- Description of the task -
With the exception of the pictures, transcribe the entire listing exactly.

- The data -
+ + + + +

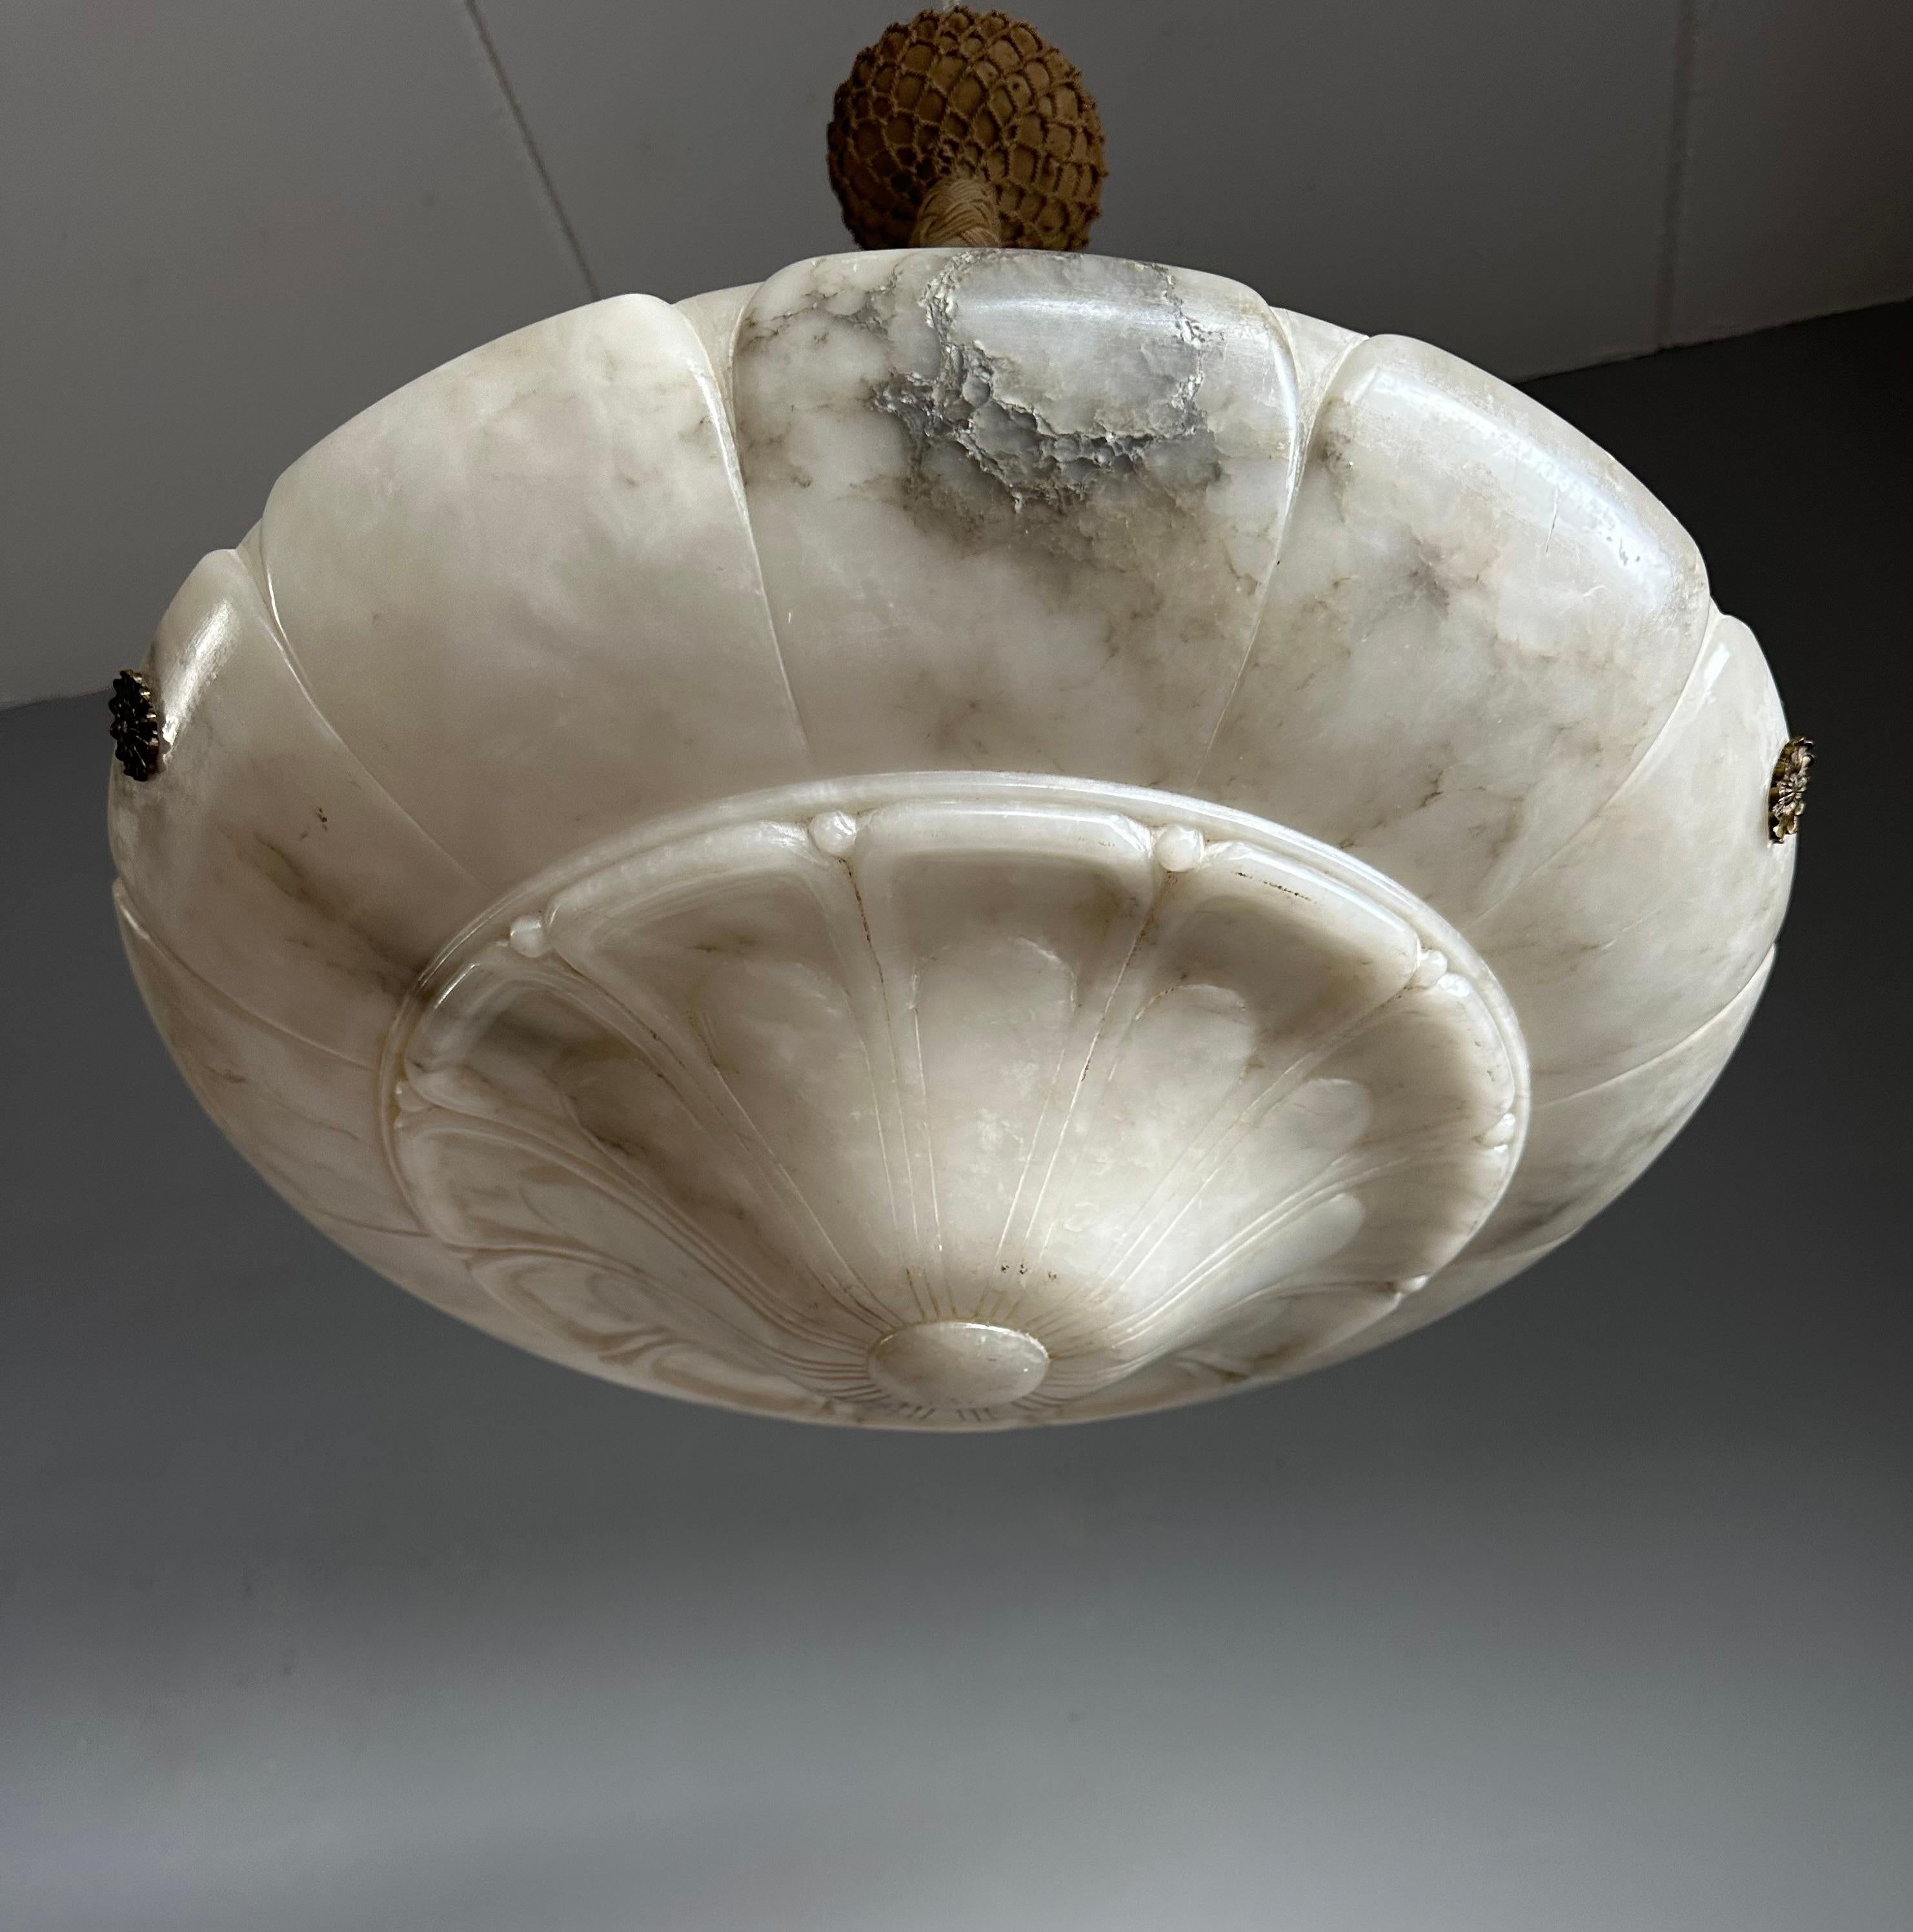 Top class antique chandelier with a unique alabaster stylish flower design shade and perfect hanging on a hand-knotted rope and canopy.

Thanks to its extra large size and mint condition this alabaster chandelier will light up your days and evenings
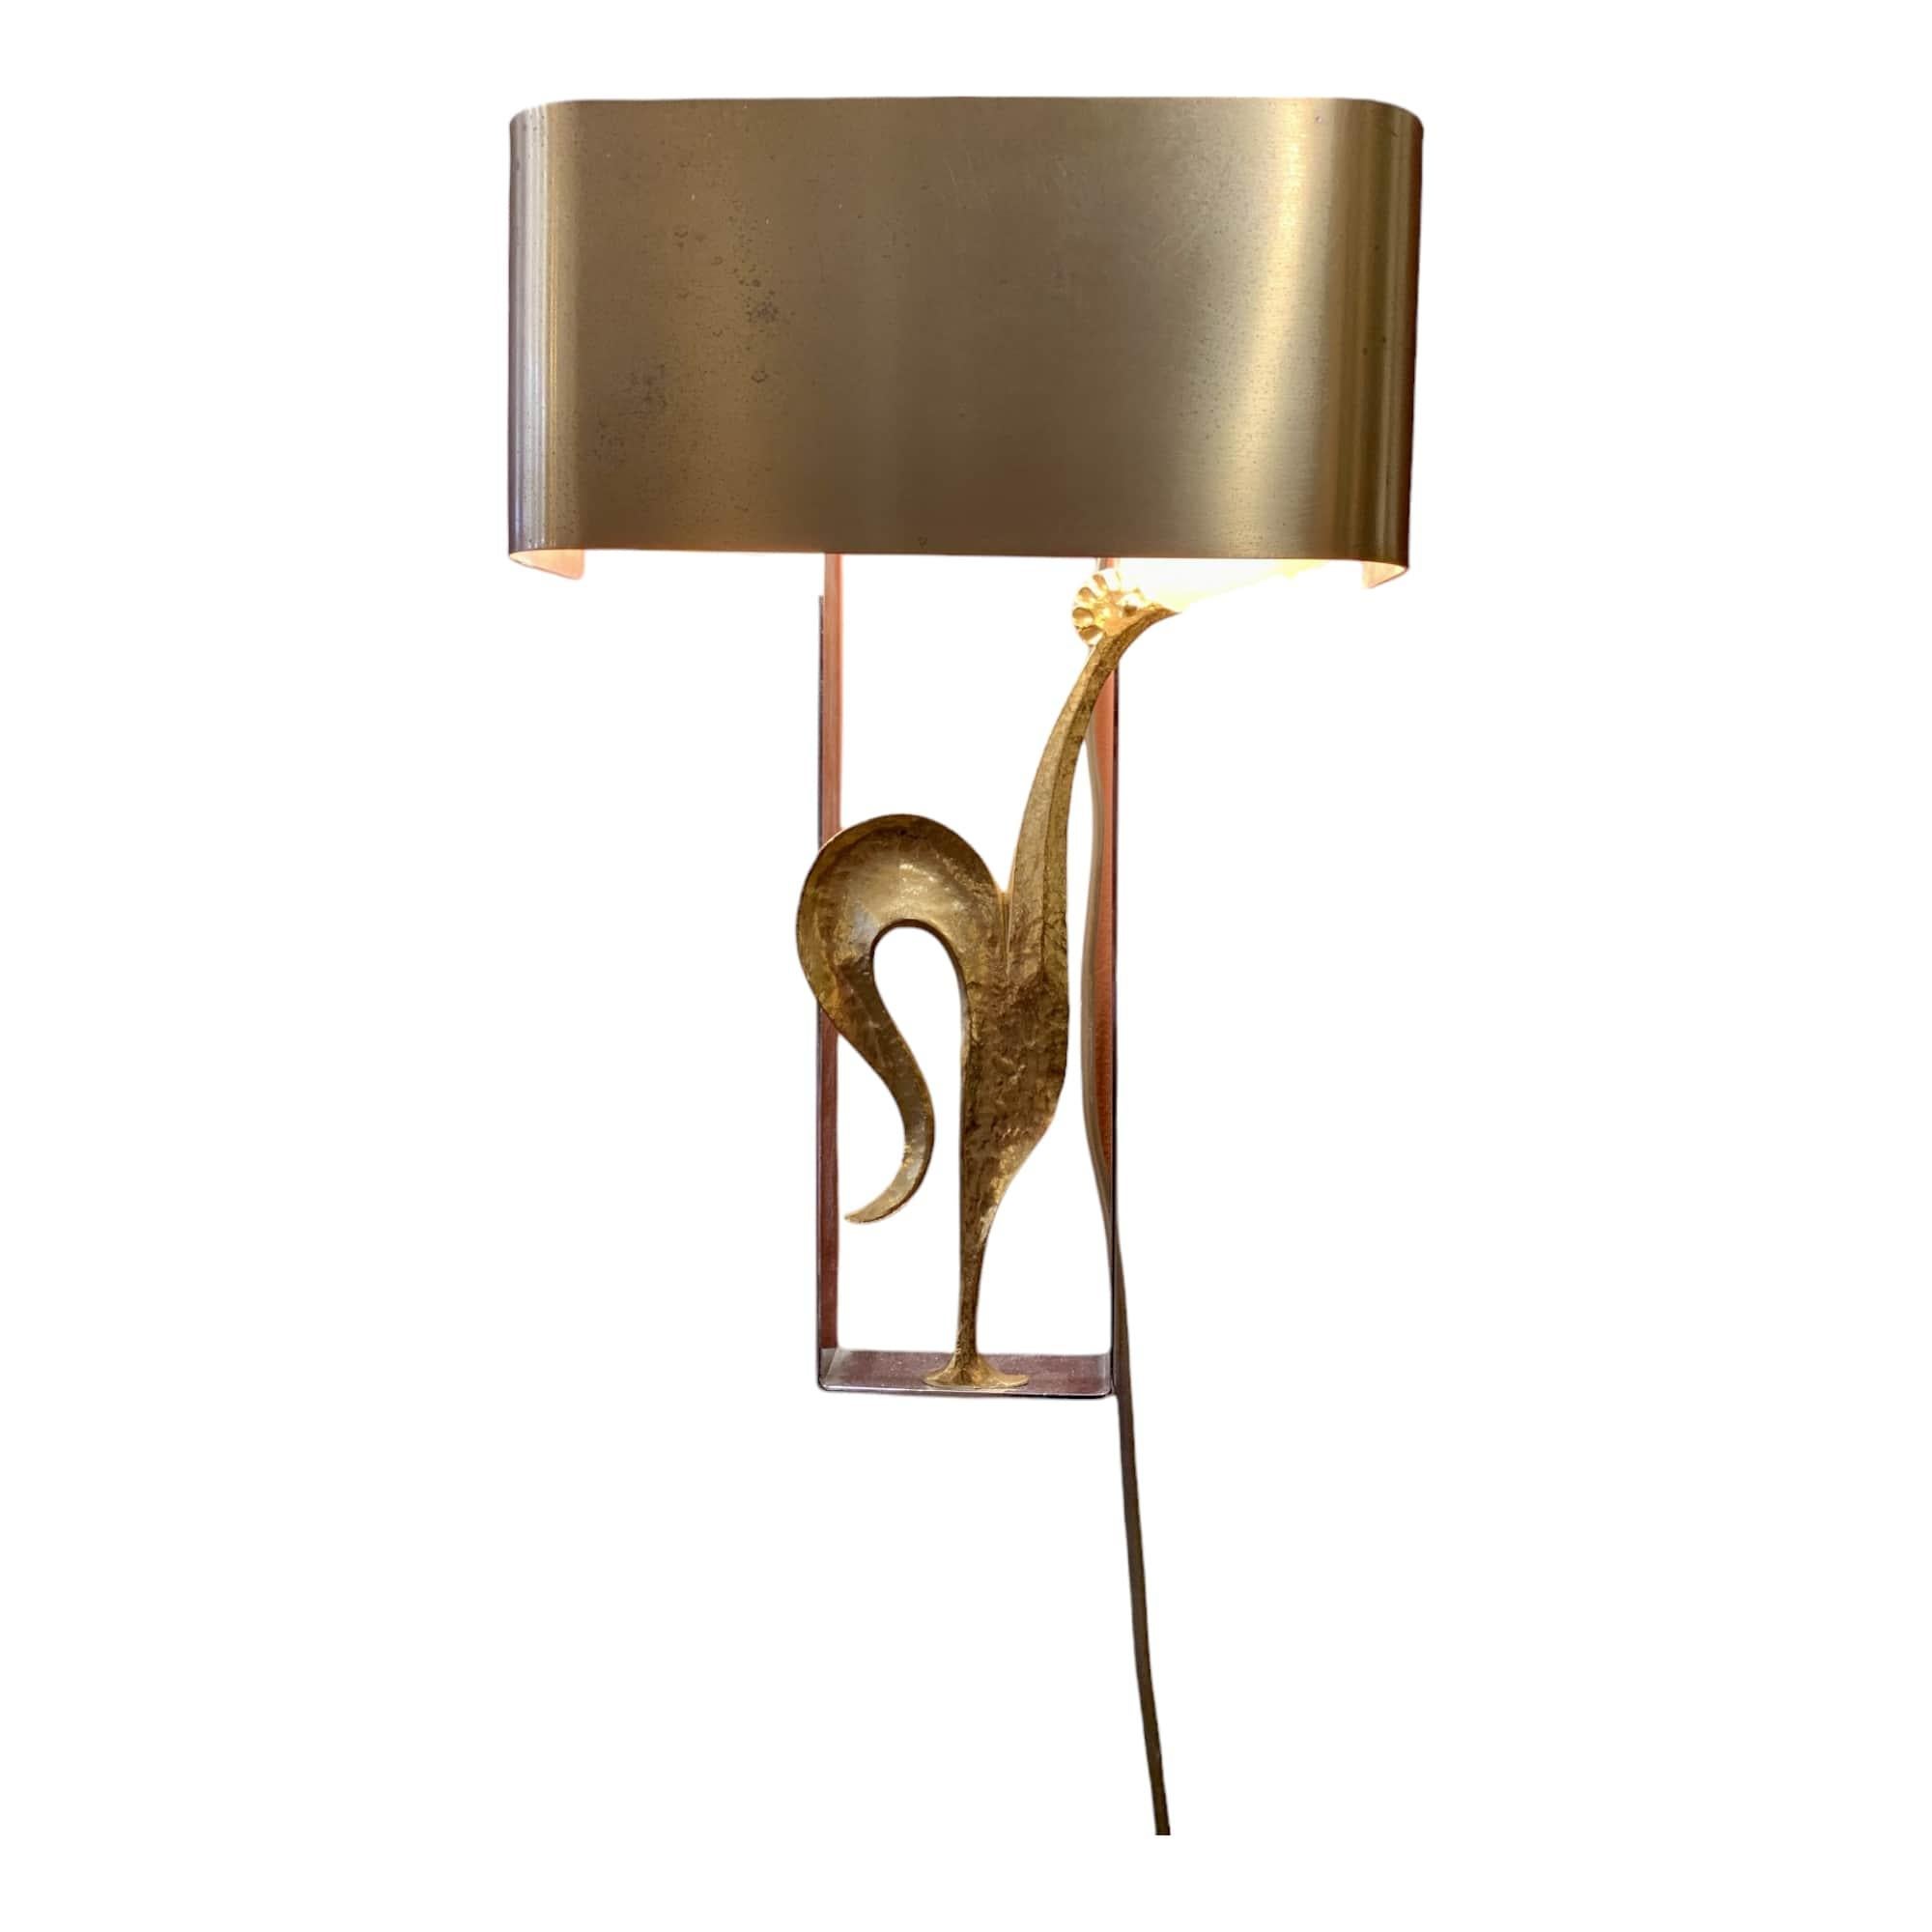 This delightful pair of wall lights, “Coq” model, is a true treasure from Maison Charles. Made from gilded brass, these stunning antiques from France were designed around 1970. Their elegant and refined design will bring a touch of sophistication to
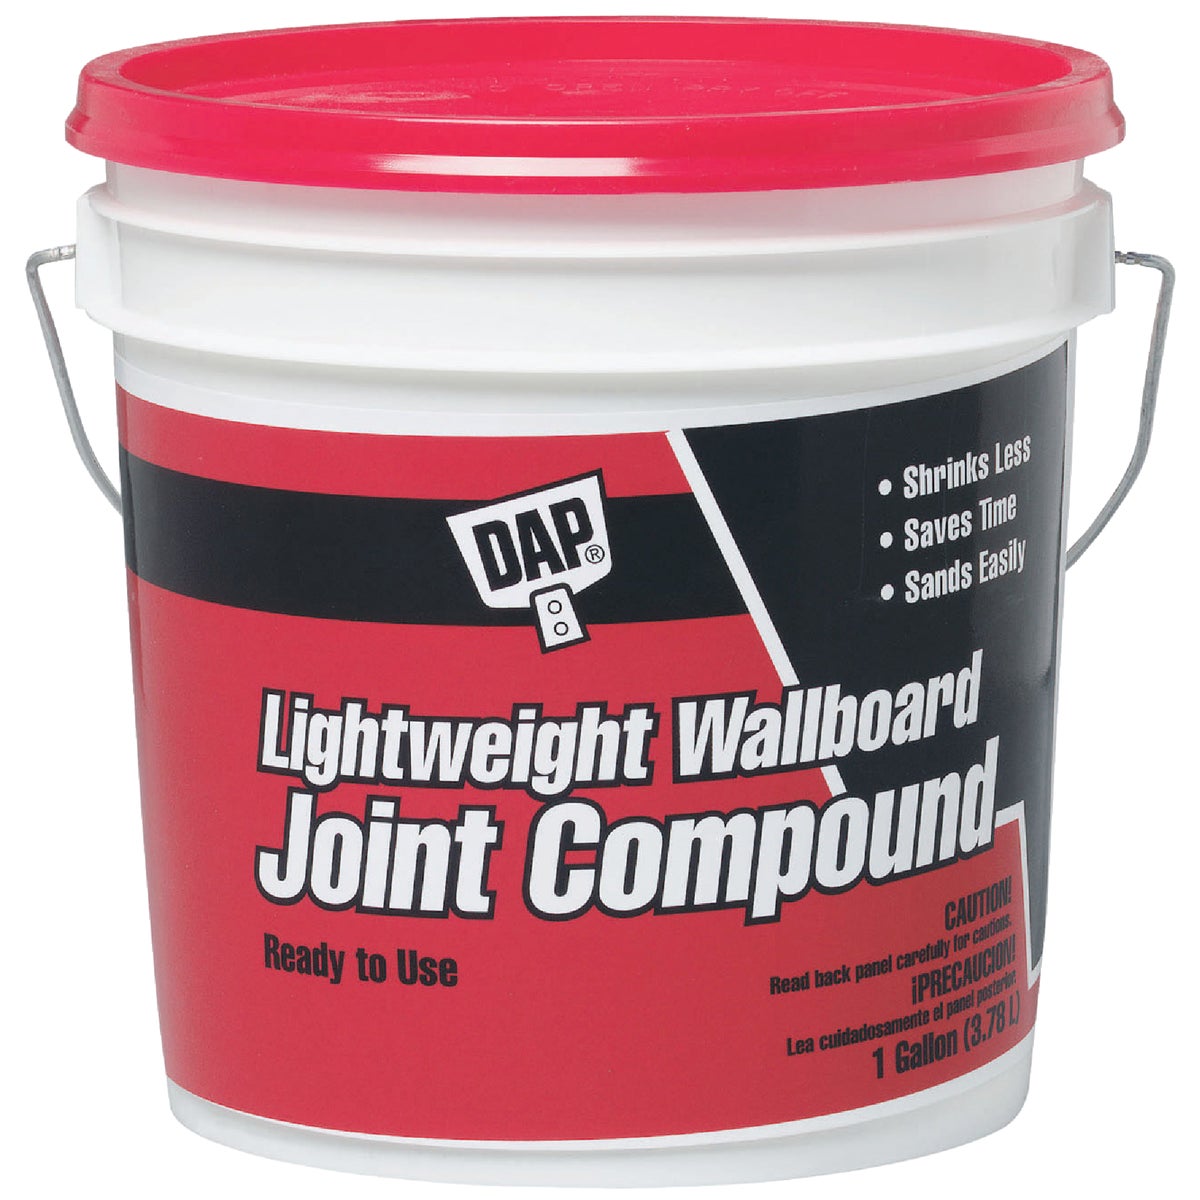 Item 268291, Ready-to-use compound finishes gypsum panel joints with less work, easy

+ + + + +

- Output of the exercise -
 Top class antique chandelier with a unique alabaster stylish flower design shade and perfect hanging on a hand-knotted rope and canopy.

Thanks to its extra large size and mint condition this alabaster chandelier will light up your days and evenings
 This delightful pair of wall lights, “Coq” model, is a true treasure from Maison Charles. Made from gilded brass, these stunning antiques from France were designed around 1970. Their elegant and refined design will bring a touch of sophistication to
 Item 268291, Ready-to-use compound finishes gypsum panel joints with less work, easy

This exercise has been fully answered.